Après dix semaines de procès à Paris dans une affaire de soupçons de financement libyen, le parquet financier a qualifié Nicolas Sarkozy de “véritable commanditaire” d’un pacte de corruption “indécent” noué avec le dictateur libyen Mouammar Kadhafi pour qu’il finance sa campagne présidentielle 2007, en débutant mardi ses réquisitions contre l’ancien président français et ses 11 co-prévenus.
Le procureur financier Quentin Dandoy venait de se lancer dans une longue démonstration, frise chronologique projetée à l’écran à l’appui, pour expliquer comment un pacte de corruption avait selon lui été mis en place par les deux plus proches collaborateurs de l’ex-président, Claude Guéant et Brice Hortefeux, à Tripoli.

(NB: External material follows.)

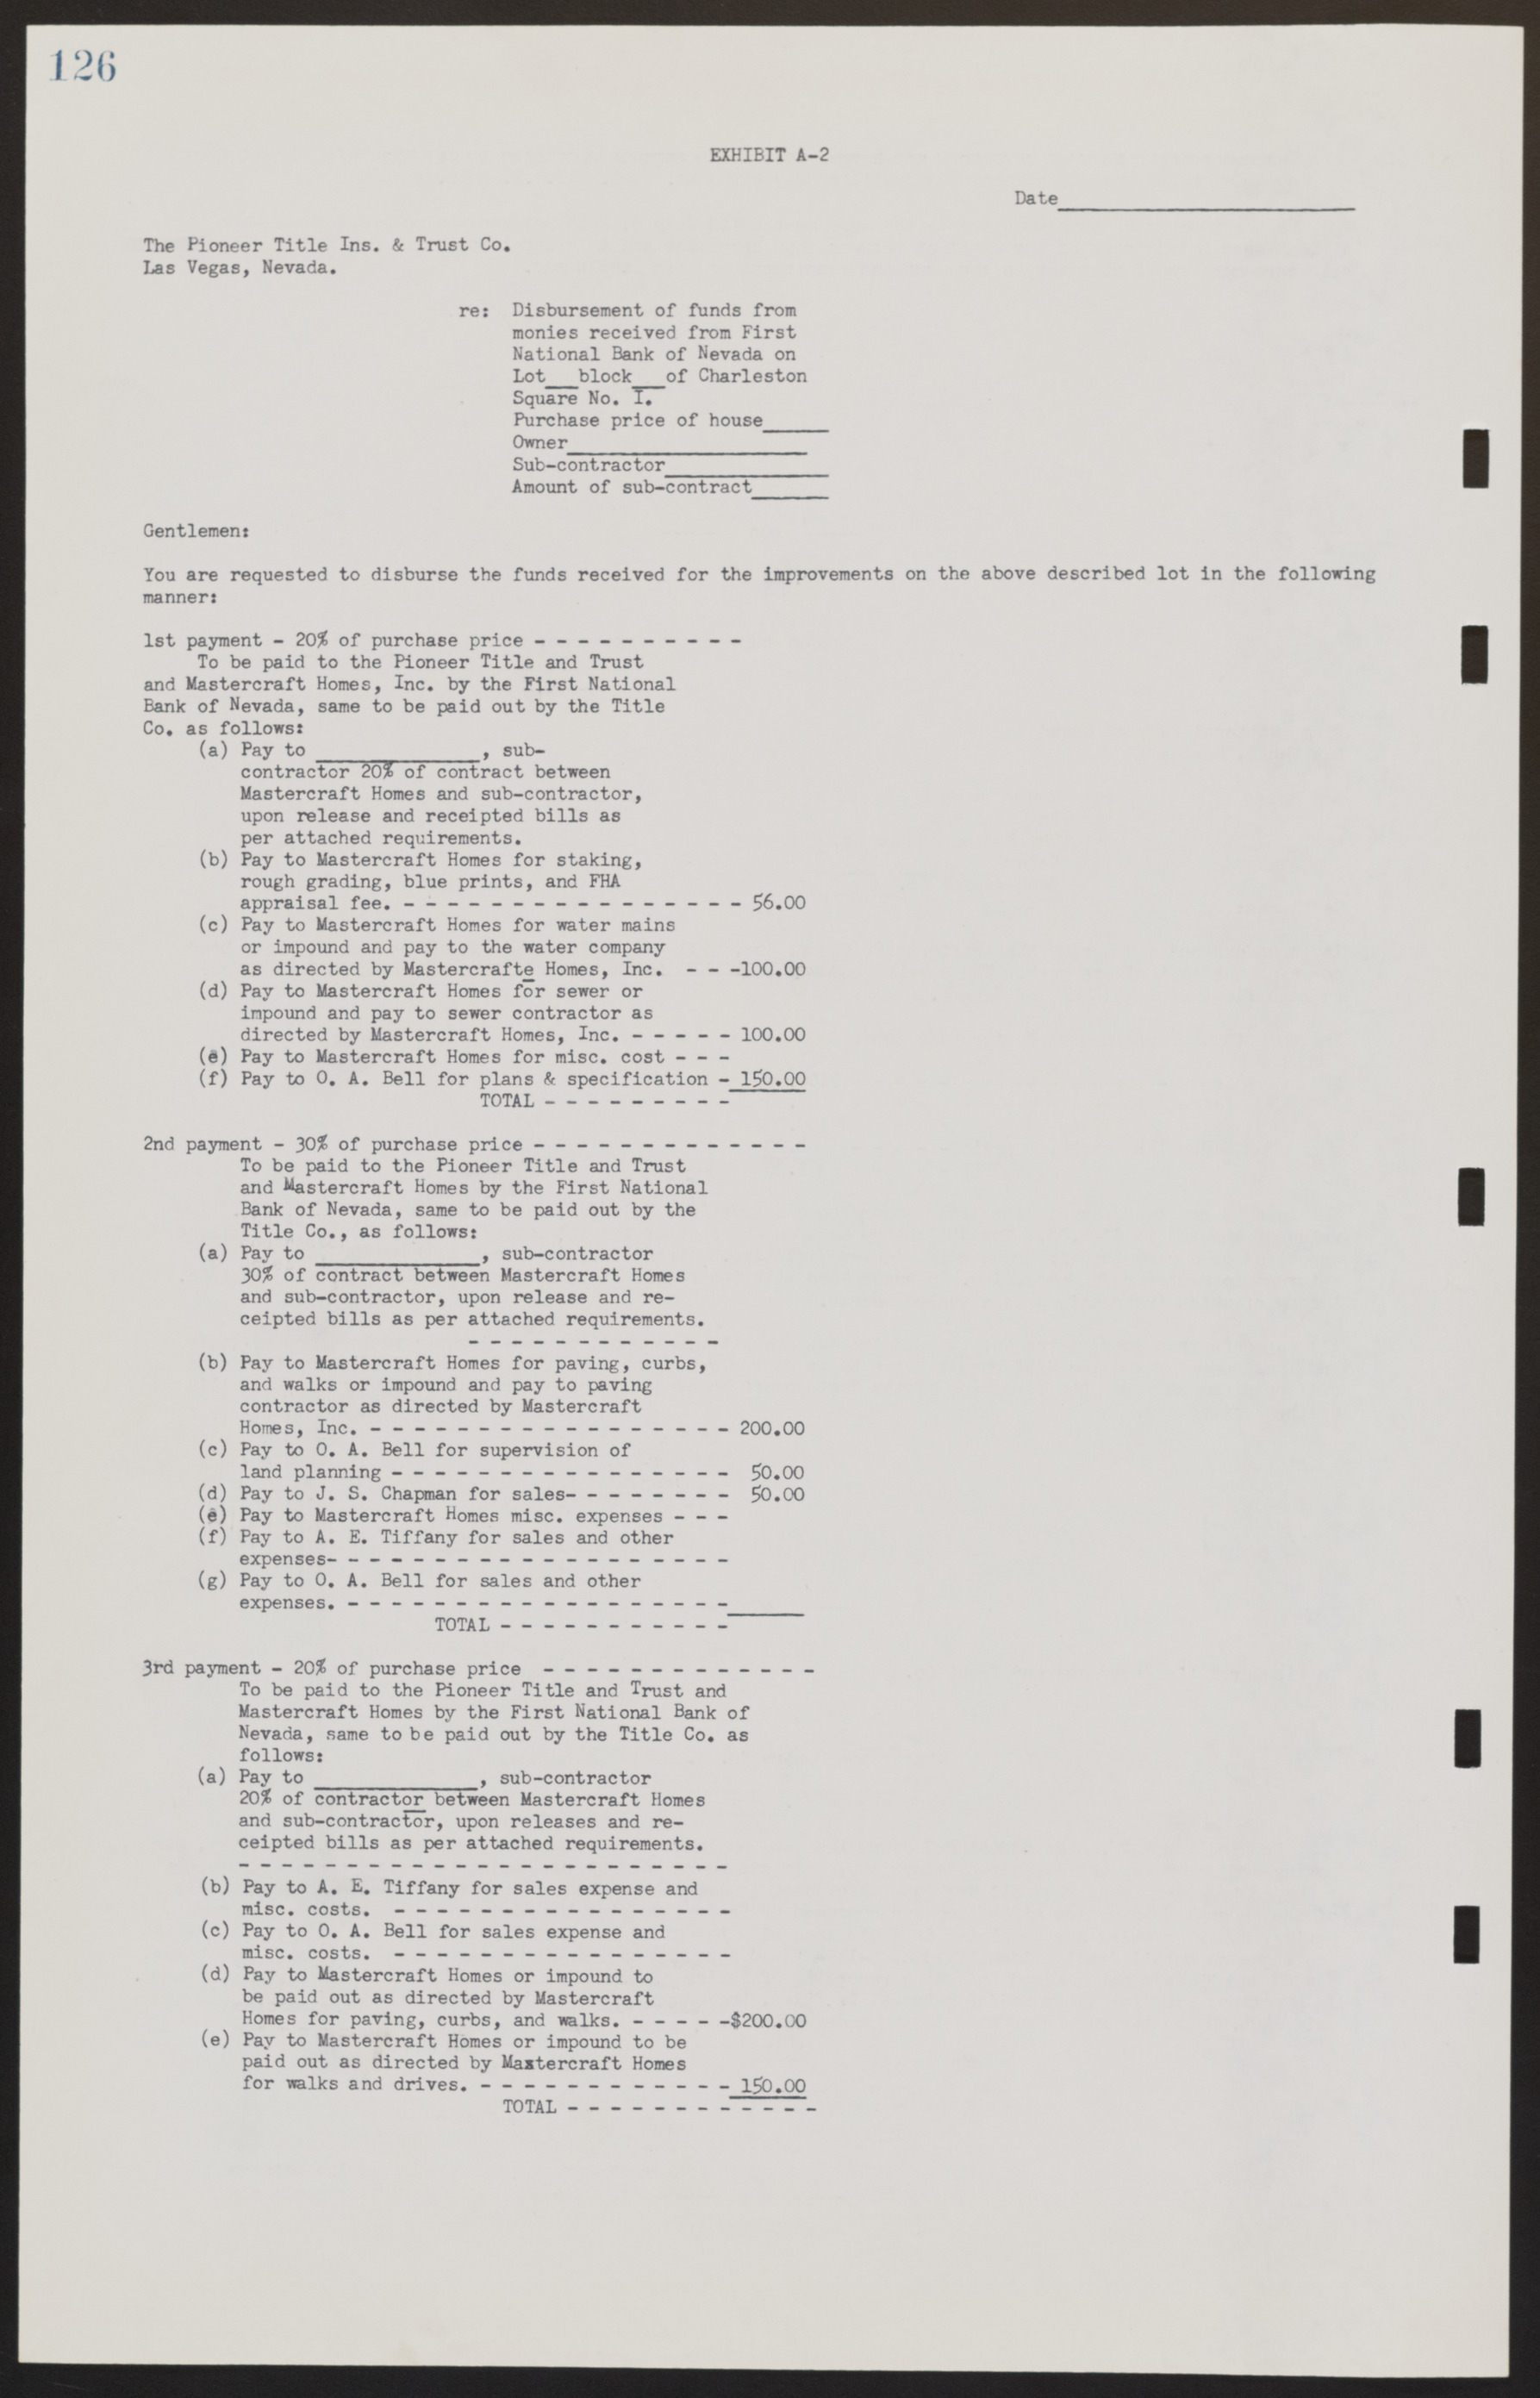 Las Vegas City Commission Legal Documents, February 29, 1944 to February 21, 1945, lvc000016-56

“Tout y est !”, scande-t-il, plusieurs fois, sous le regard tendu de l’ancien chef de l’État. “On vous dit qu’il n’y a aucun élément matériel démontrant que Nicolas Sarkozy aurait donné quelconque instruction à ses collaborateurs ou même qu’il aurait été en contact avec les dignitaires libyens. Bien évidemment !”, lance le procureur. “Tout est précisément organisé, pensé pour que jamais il n’apparaisse”.
“Implication totale”
Envoyer “ses deux plus intimes collaborateurs” pour “négocier ce pacte de corruption”, est “la démonstration de son implication totale en tant que commanditaire”, soutient le magistrat, demandant la condamnation des trois hommes pour corruption et association de malfaiteurs.
“Comment imaginer que ses plus proches collaborateurs aient pu agir pour son compte, dans son propre intérêt mais à son insu? C’est insensé, inconcevable !”, dit-il.
Claude Guéant et Brice Hortefeux - absents à l’audience du jour - se sont vu confier le rôle “d’hommes de mains”, “jusque dans cette salle d’audience, où ils se sont retrouvés en première ligne, éprouvant les pires difficultés pour tenter d’expliquer l’inexplicable, tout en prenant bien soin de maintenir Nicolas Sarkozy à distance”, ajoute-t-il, alors que l’ancien chef de l’État bouillonne sur sa chaise.
Avant lui, le deuxième procureur financier, Philippe Jaeglé, avait dans un propos introductif qualifié le pacte d’”inconcevable, inouï, indécent”. Parce qu’il a été “conclu avec (un) régime sanguinaire”, avec “pour objectif de soutenir financièrement la campagne” de celui qui deviendra président français, a-t-il déclaré. Mais aussi car ce pacte “aurait pu vicier le résultat” de l’élection présidentielle de 2007 et qu’il “risquait de porter atteinte à la souveraineté et aux intérêts de la France”, a-t-il poursuivi, face à l’ancien chef de l’État, 70 ans, qui prend des notes, les genoux agités.
Le procureur a balayé l’un après l’autre les principaux arguments de la défense, au premier chef la thèse d’une “vengeance” des dignitaires libyens après l’intervention internationale - notamment dirigée par Nicolas Sarkozy - et qui fera tomber le régime fin 2011.
Jusqu’à dix ans de prison
Les réquisitions doivent durer jusqu’à jeudi soir. Le montant des peines requises doit être formulé, comme il est d’usage, à la toute fin.
Nicolas Sarkozy a toujours clamé son innocence. “J’ai eu l’impression qu’on était parti du postulat ‘Sarkozy coupable’”, que “l’enjeu” n’était plus la “recherche de la vérité” mais pour le parquet financier de “ne pas perdre la face”, avait encore affirmé l’ex-président à la barre la semaine dernière.
Jugé pour corruption, recel de détournement de fonds publics, financement illégal de campagne et association de malfaiteurs, il encourt 10 ans de prison et 375.000 euros d’amende, ainsi qu’une privation des droits civiques (donc une inéligibilité) allant jusqu’à 5 ans.